> [WHAT TO DO]:
Only the text belongs in the answer: every line of the records below, transcribed exactly.

*** Opening of DATA IN THIS EXERCISE ***

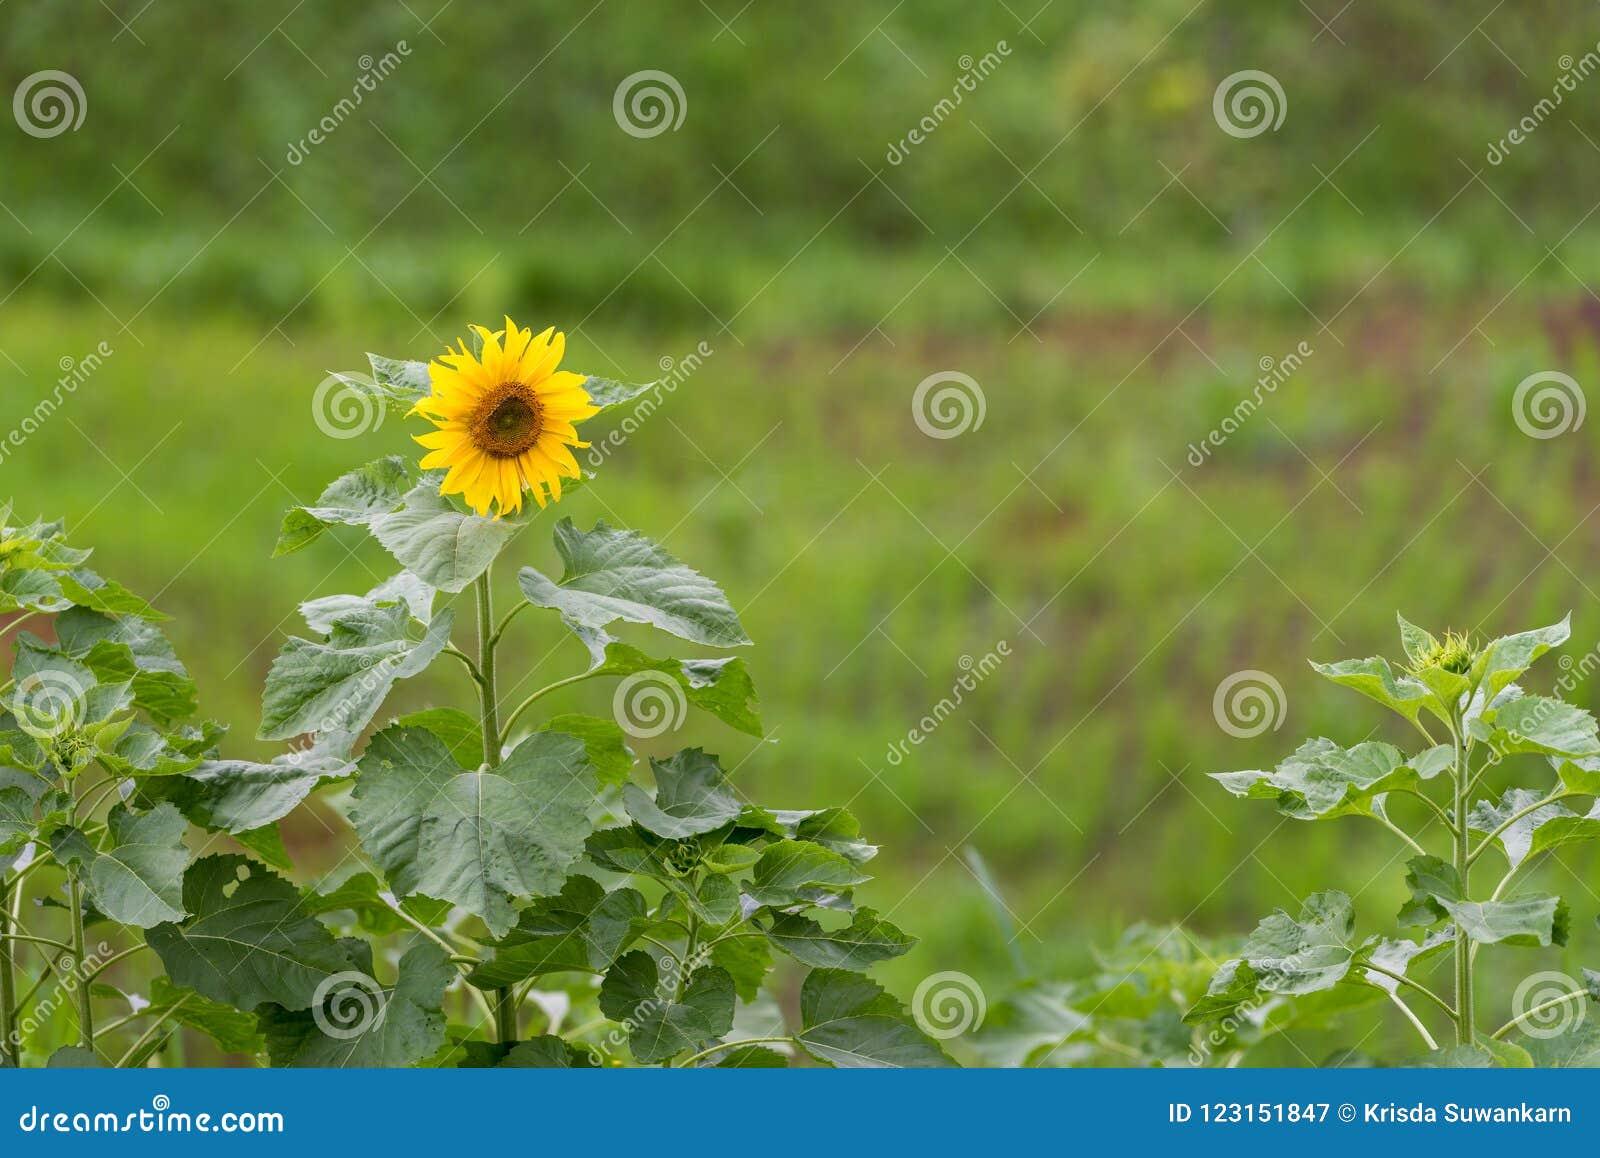 Sunflowers field with single flower
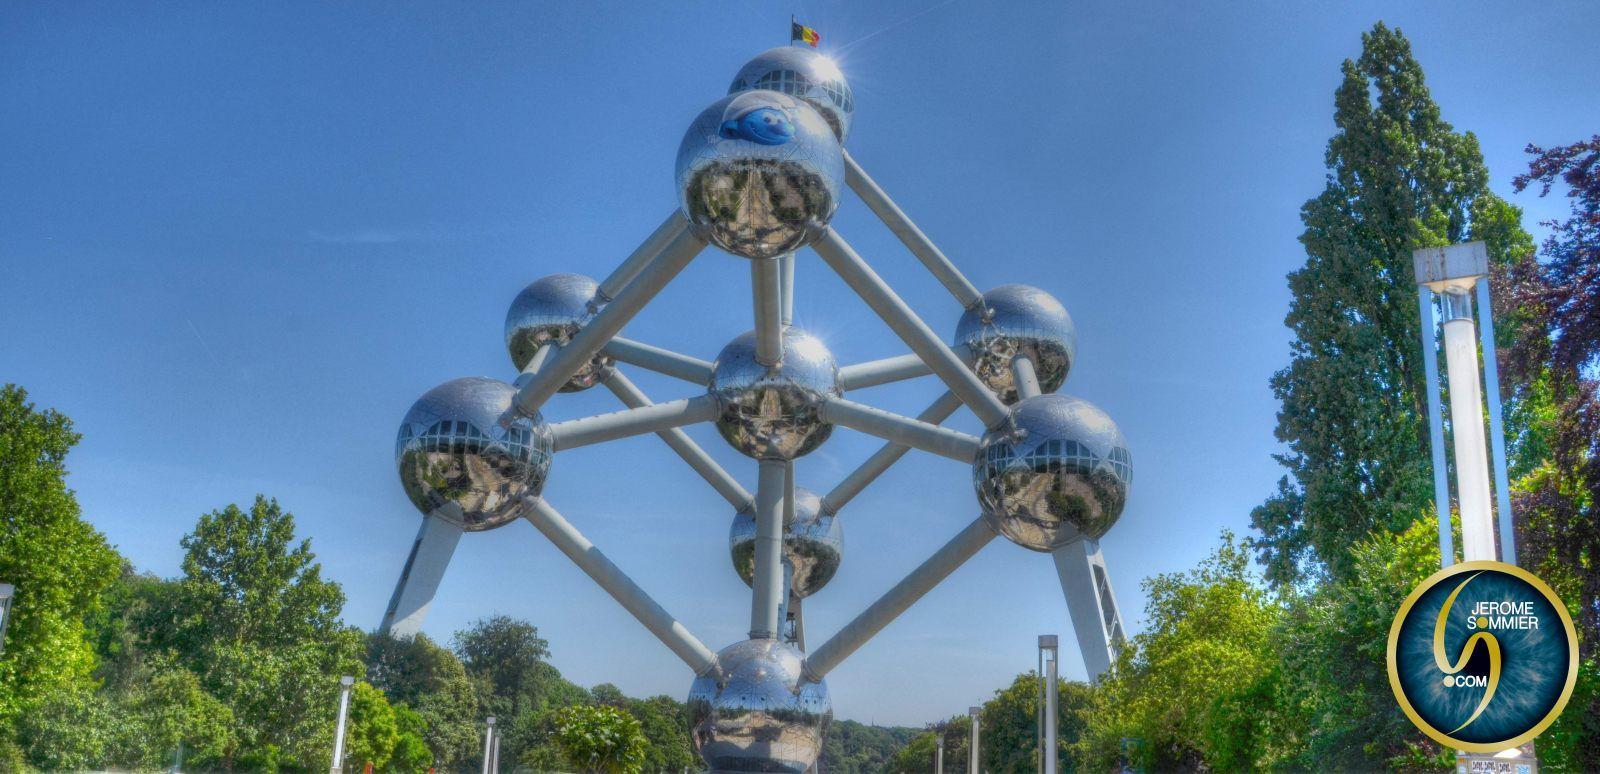 Jerome Sommier Photos - Travel & Events: Bruxelles
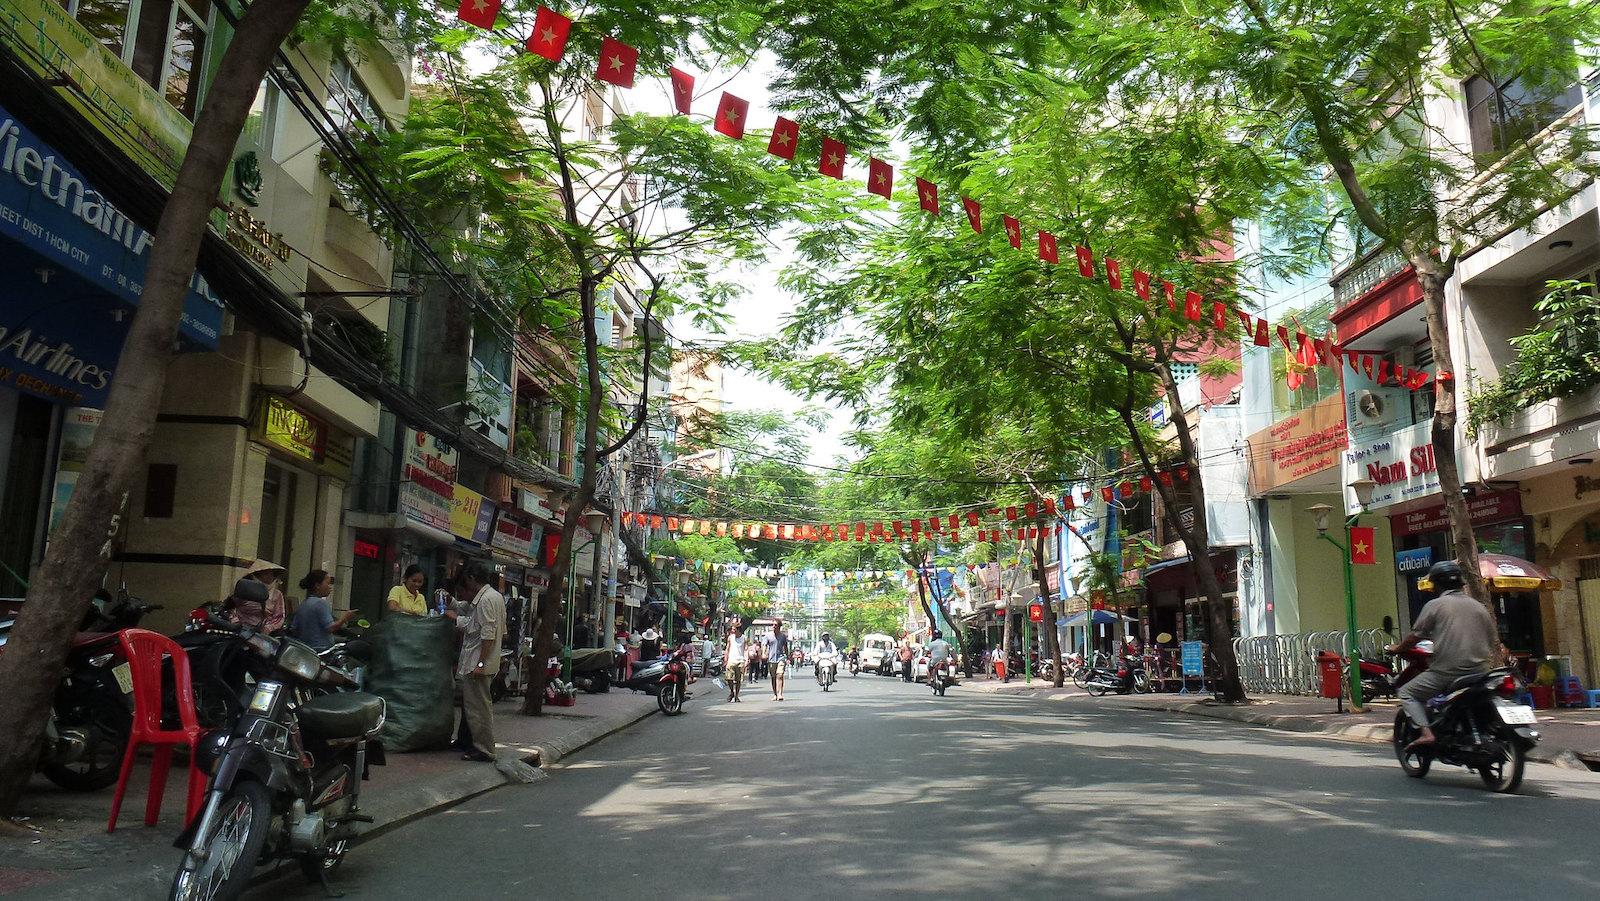 Image of a street in Saigon, Vietnam
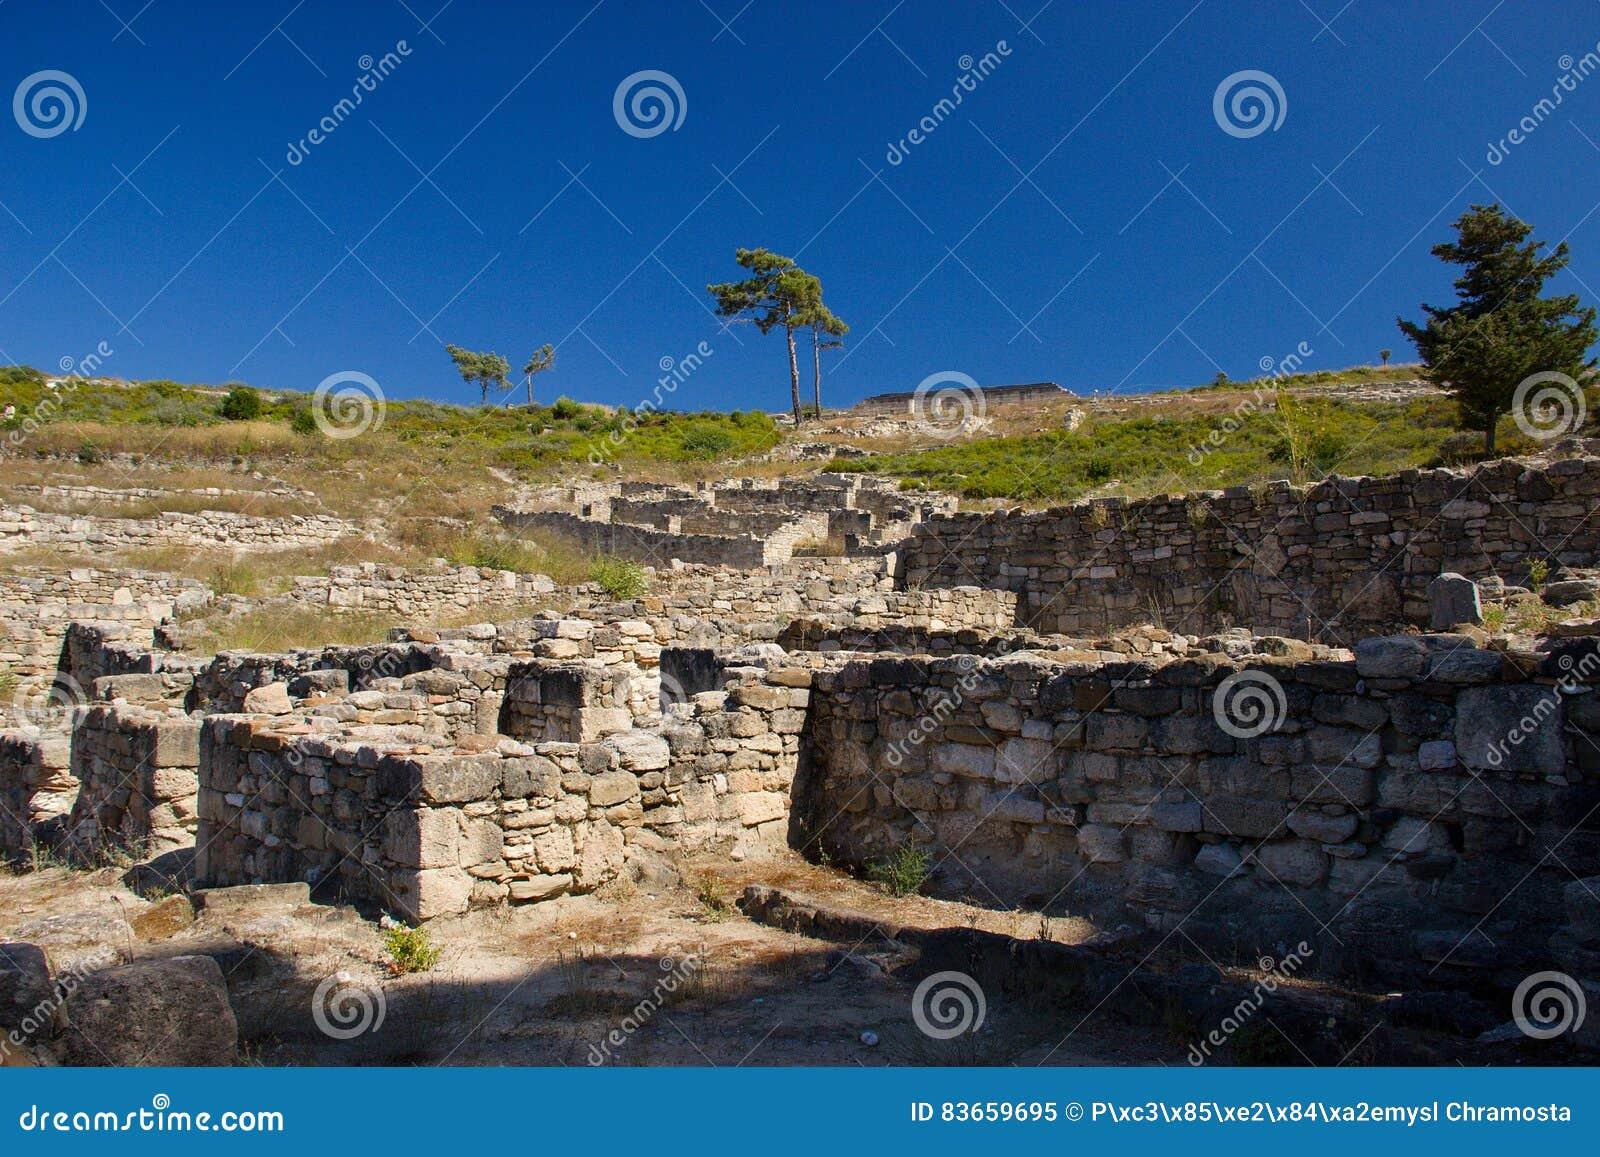 Ancient Kamiros Rhodos Greece architecture historic
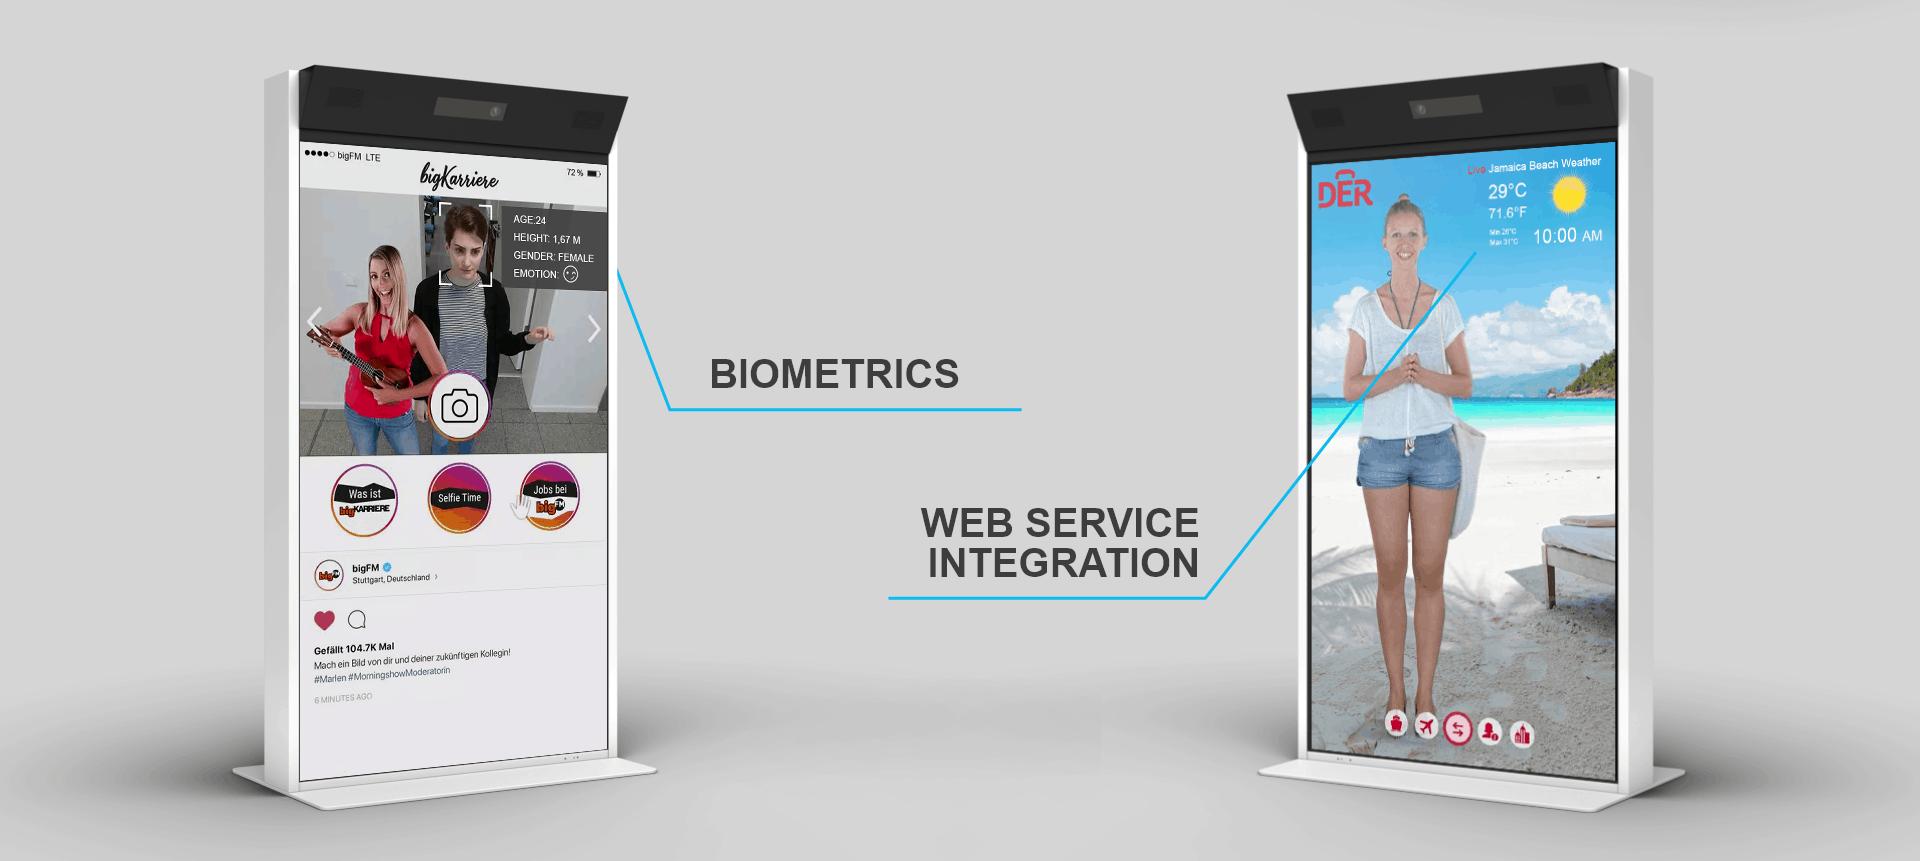 Biometrics WEB SERVICE

*** Close of DATA IN THIS EXERCISE ***

> [YOUR RESPONSE]:
 Sunflowers field with single flower
 Jerome Sommier Photos - Travel & Events: Bruxelles
 Image of a street in Saigon, Vietnam
 Ancient Kamiros Rhodos Greece architecture historic
 Biometrics WEB SERVICE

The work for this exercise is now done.